Deferrable updates should be used for tasks that generally take only a few milliseconds to complete as a way to speed up the web response. By nature of being deferred, this means that failure is hidden from clients since the response has already been sent.

Examples of critical tasks that we don't run via deferred updates. Failure must be known to users, and more generally people should know how and when their action was completed, to then act further knowing that the change is completed. E.g. make further edits that depend on previous ones, possibly scripted or batched through some automation.
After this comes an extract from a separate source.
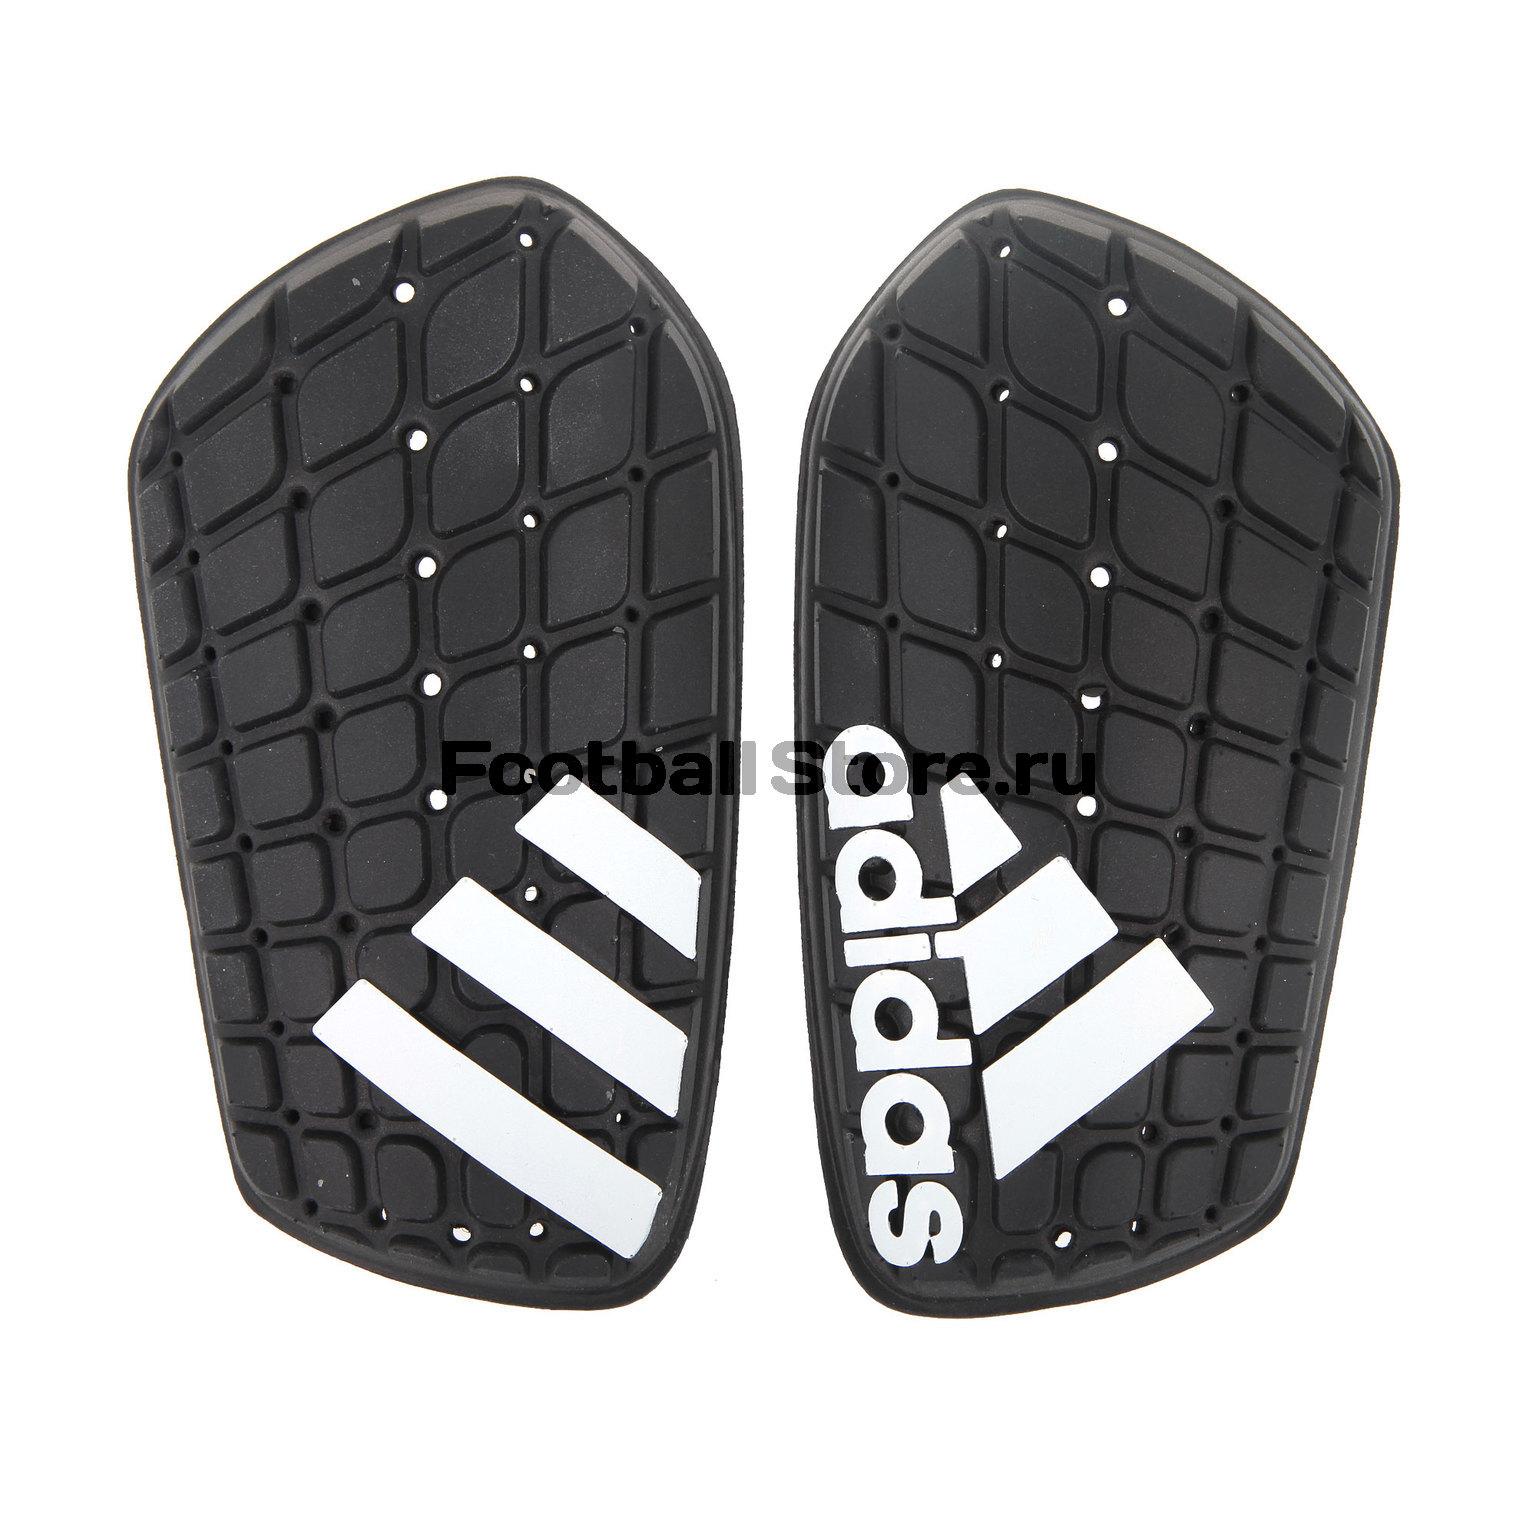 цены Щитки Adidas Ghost CC AZ3708

  • Database write that creates a page or saves an edit.
  • Create account, change password.
  • Explicit "send email" feature.

Examples of "urgent" tasks that we run via post-response deferred updates after saving an edit. These small transactions are expected to be reflected if the client looks for it afterward, but the result of these is not needed to render the response to the edit itself.

Examples of "non-urgent" tasks that we run via the job queue:

  • After saving an edit to a template, iterate through potentially millions of affected pages to re-parse and purge (known as "Refresh links" or LinksUpdate).
  • Periodically prune old rows from the recent changes table.
  • After uploading a photo, pre-render common thumbnail sizes.
  • After saving an edit to an article, send emails to the accounts that watch this page with email notifications enabled.

FallbackEdit

Deferrable updates can choose to implement the EnqueueableDataUpdate interface. Such updates can be automatically converted to a job as-needed. For example, if the update fails, MediaWiki will convert it to a job and queue it to try again later. There are also other situations in which we improve reliability or optimise throughput by proactively converting updates to jobs where possible.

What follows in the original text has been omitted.